### YOUR TASK
All of the data that follows is to be written out exactly, with images excluded.

### RECORDED INFORMATION
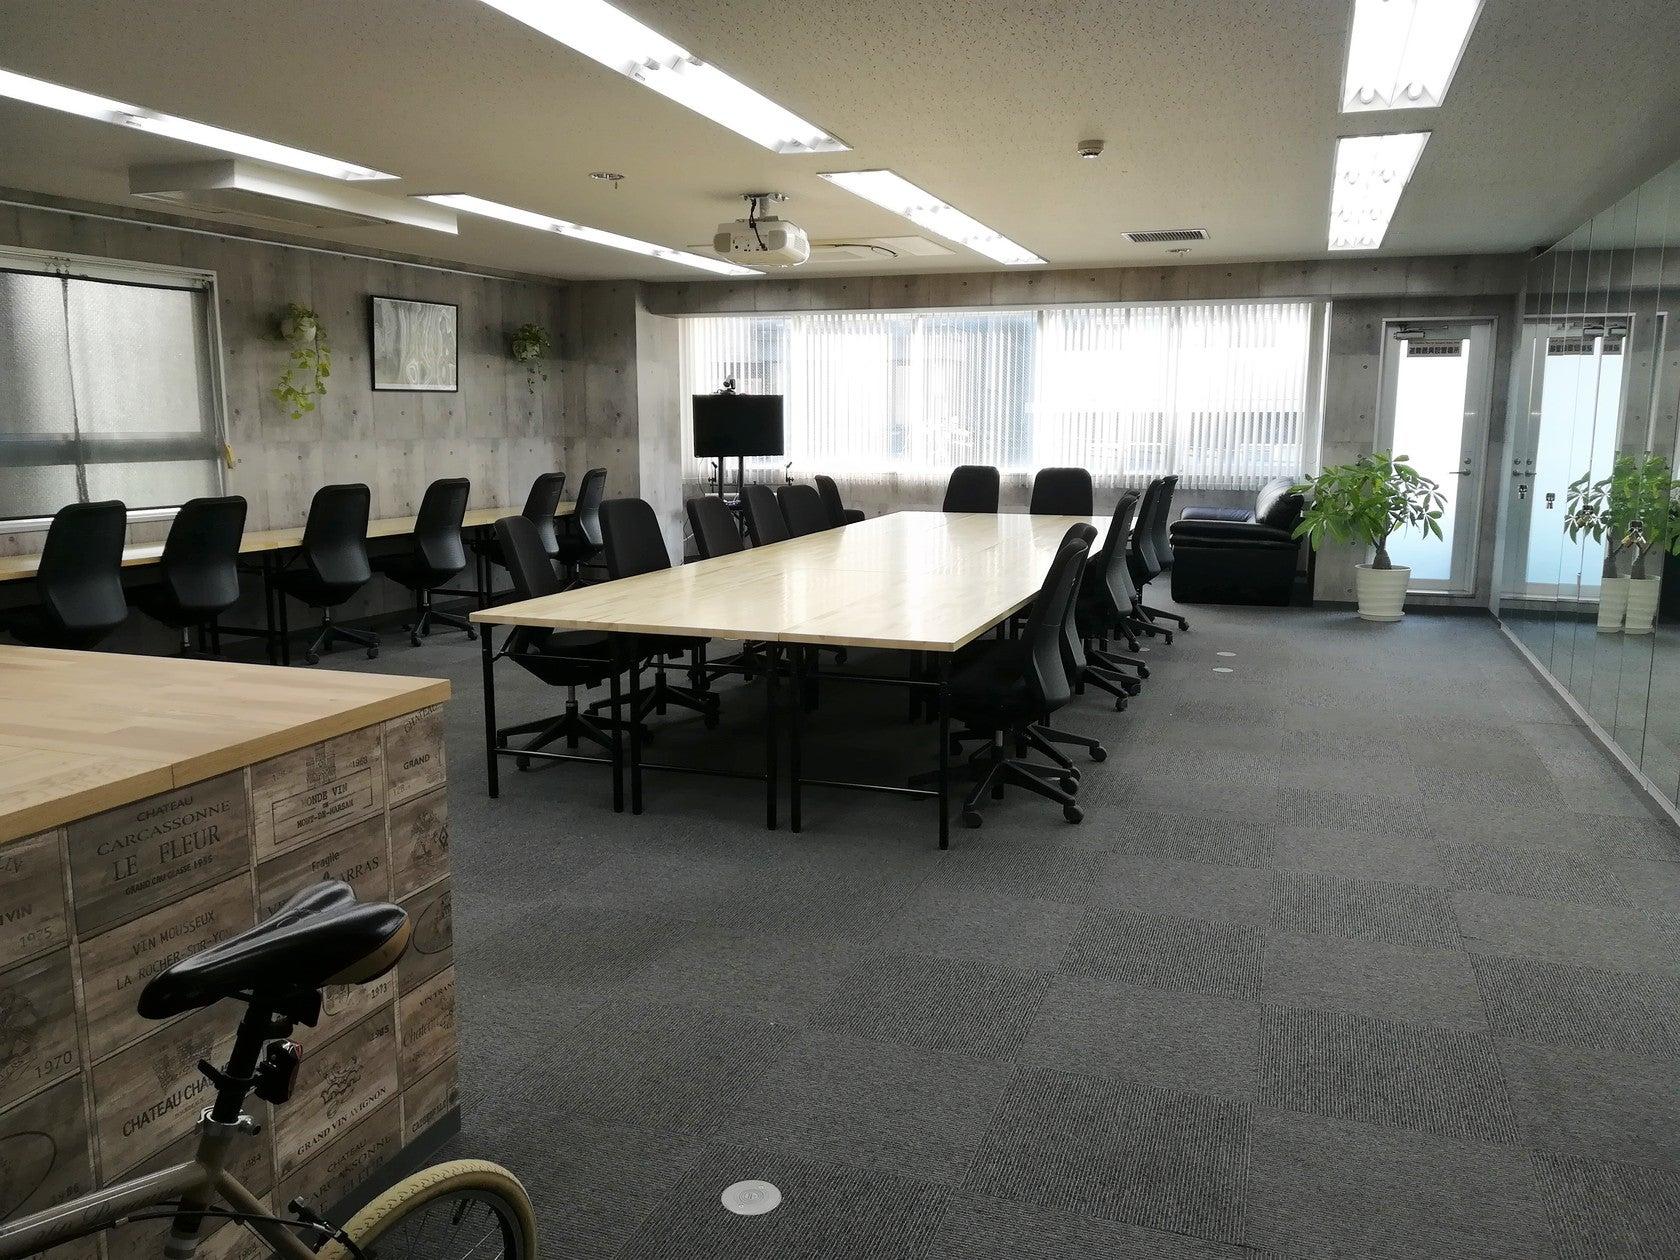 Web会議や大型スクリーンで映画鑑賞も…多様に使えるミーティングスペース demokura(ビジネスゾーン本町西ビル5階 レンタルスペース demokura) の写真0
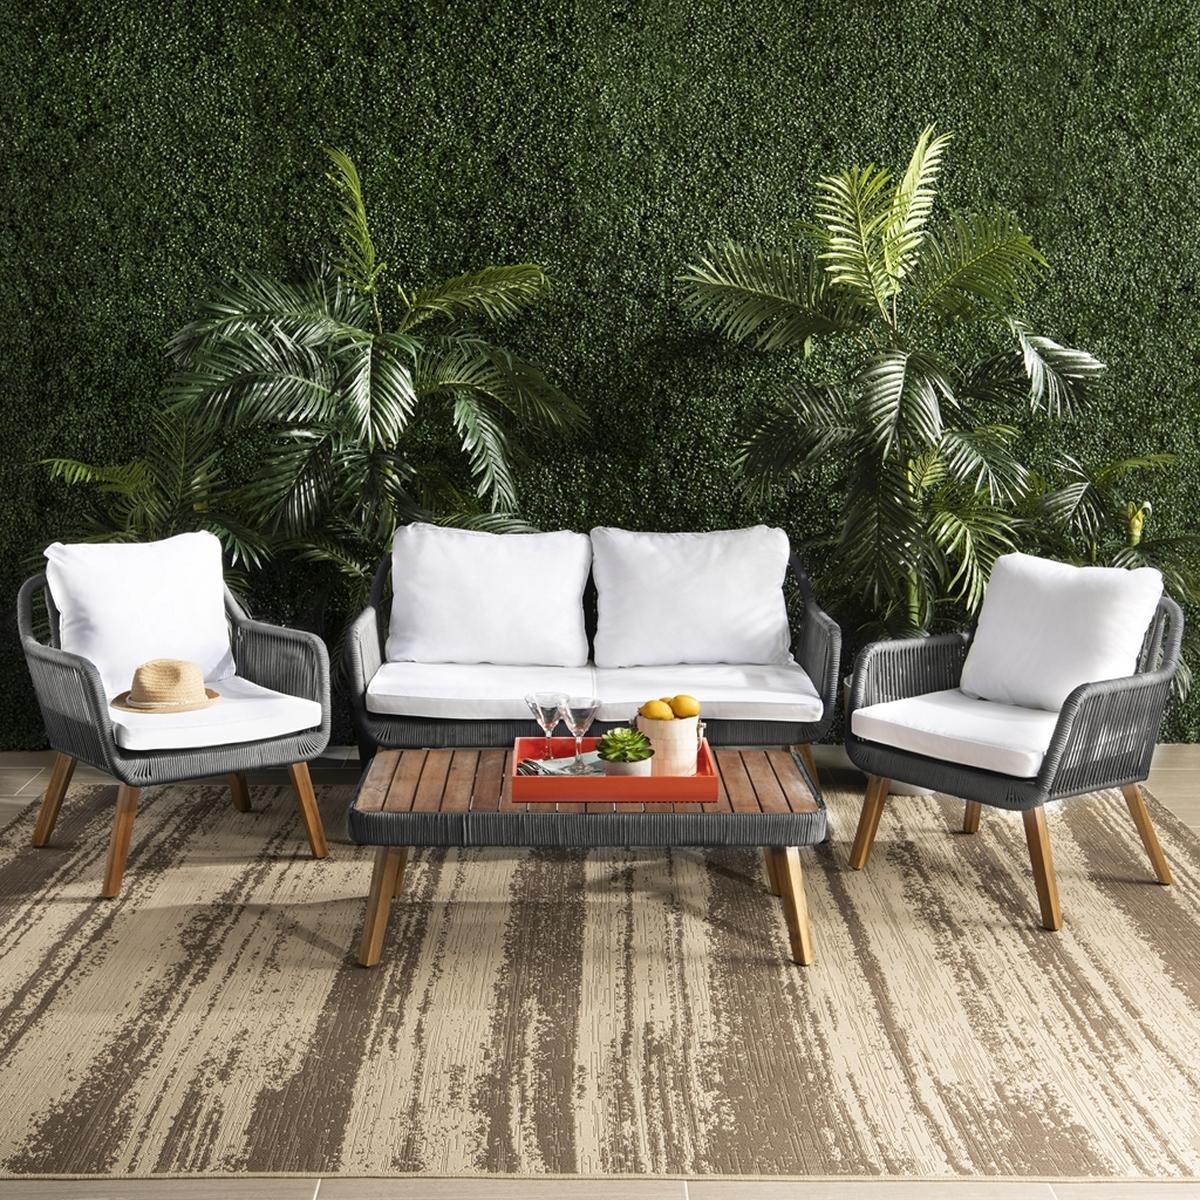 PAT7049A Patio Sets - 4 Piece - Furniture by Safavieh on Safavieh Raldin id=79477
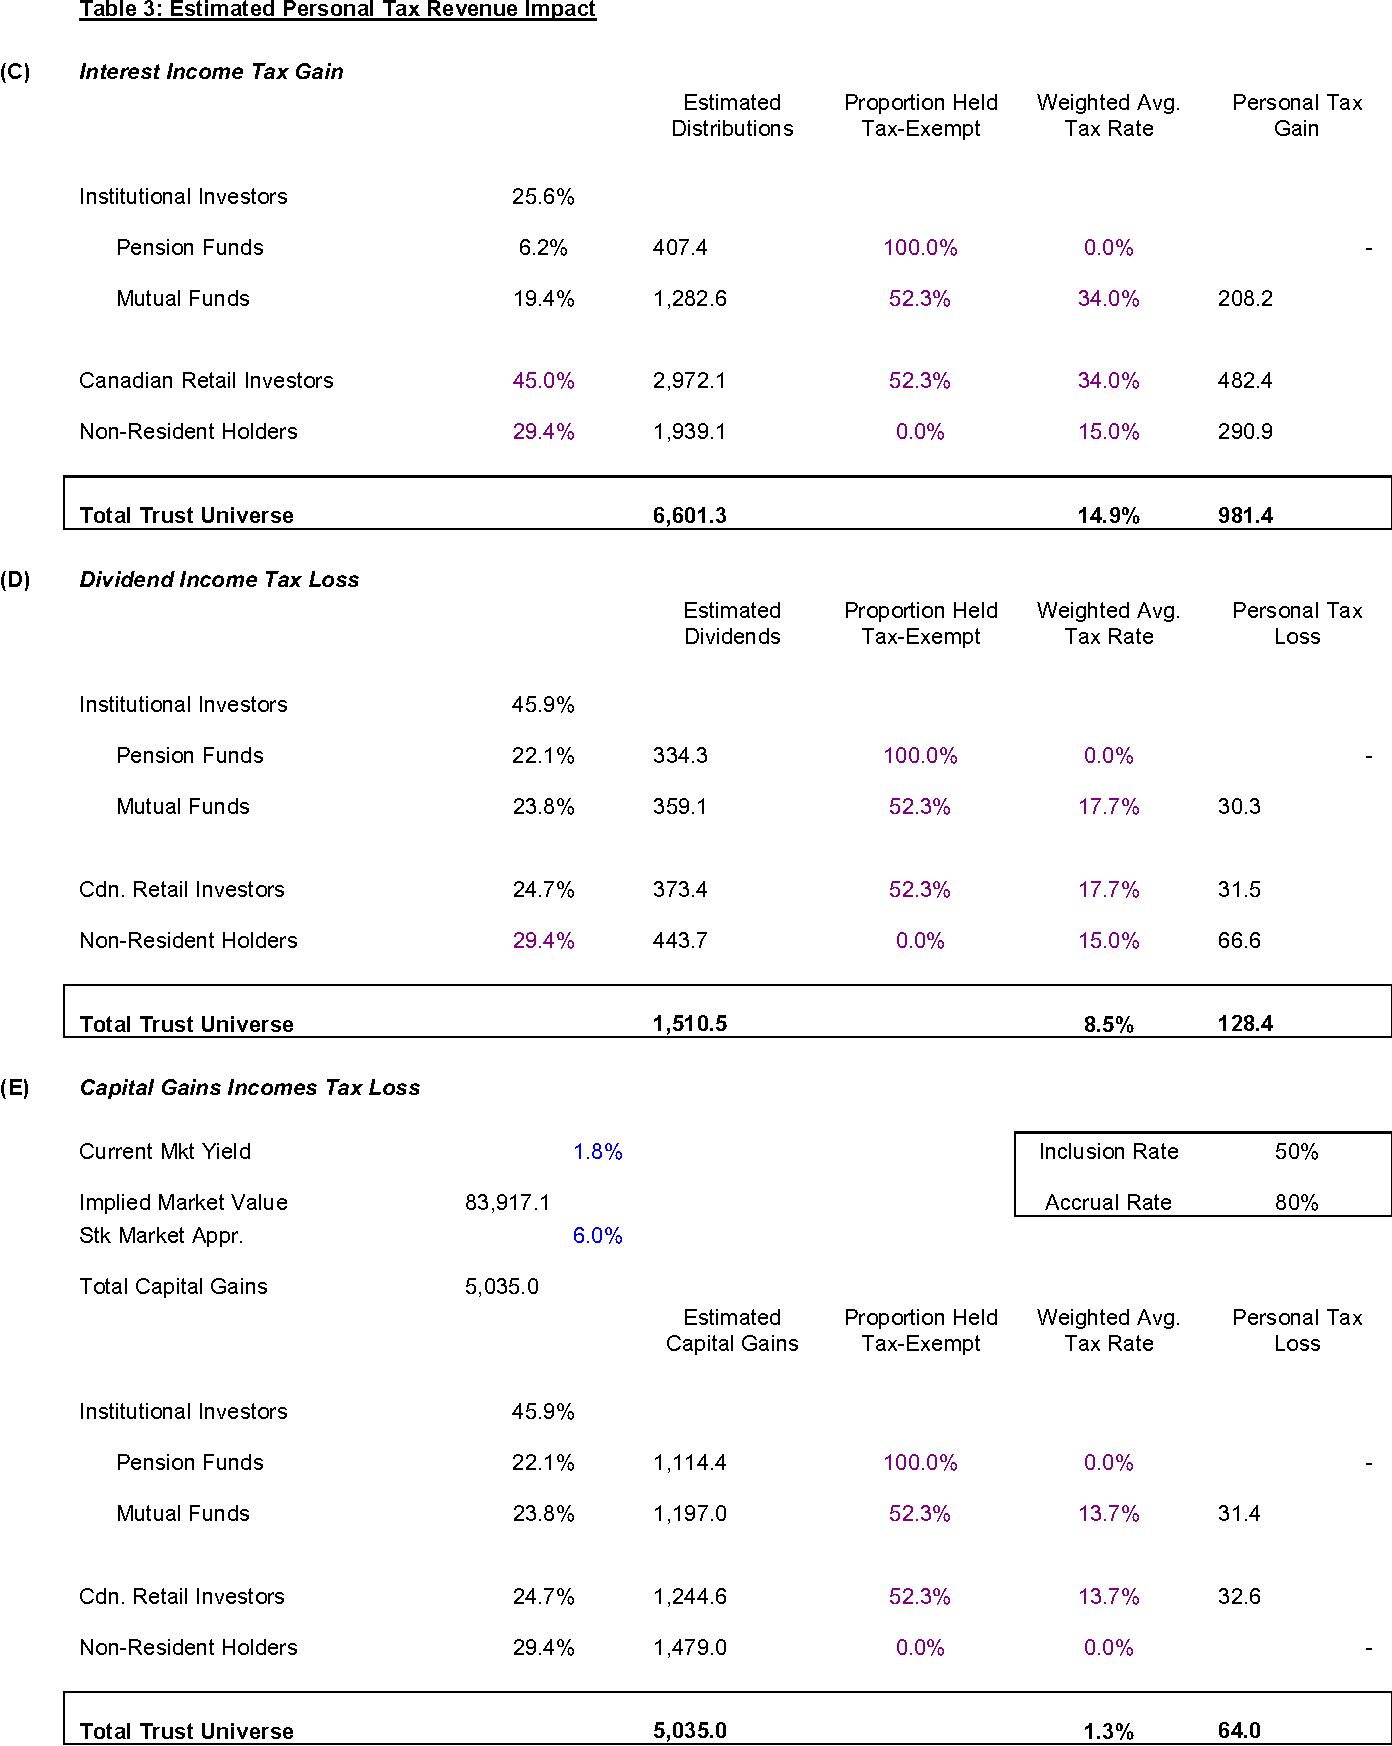 Table 3: Estimated Personal Tax Revenue Impact
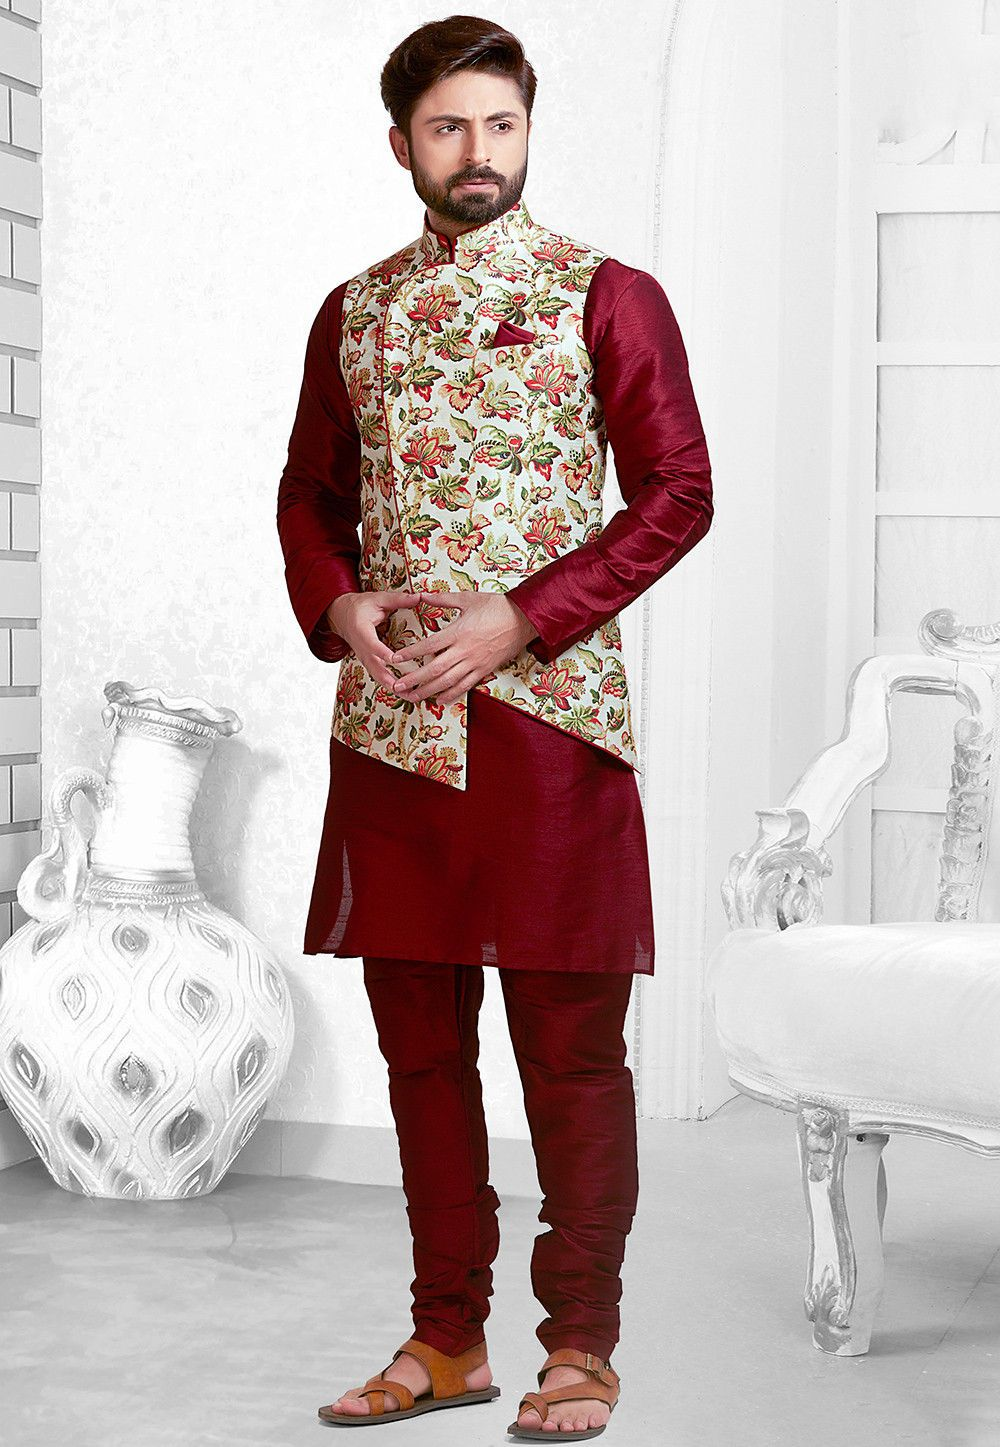 52e8672185 Buy online Digital Printed Art Silk Kurta Pajama Set in Maroon now, Item  code: MHG964, Color: Red, Occasion: Wedding, Festive, Fabric: Art Silk, ...

### WRITTEN SOLUTION
 Web会議や大型スクリーンで映画鑑賞も…多様に使えるミーティングスペース demokura(ビジネスゾーン本町西ビル5階 レンタルスペース demokura) の写真0
 PAT7049A Patio Sets - 4 Piece - Furniture by Safavieh on Safavieh Raldin id=79477
 Table 3: Estimated Personal Tax Revenue Impact
 52e8672185 Buy online Digital Printed Art Silk Kurta Pajama Set in Maroon now, Item  code: MHG964, Color: Red, Occasion: Wedding, Festive, Fabric: Art Silk, ...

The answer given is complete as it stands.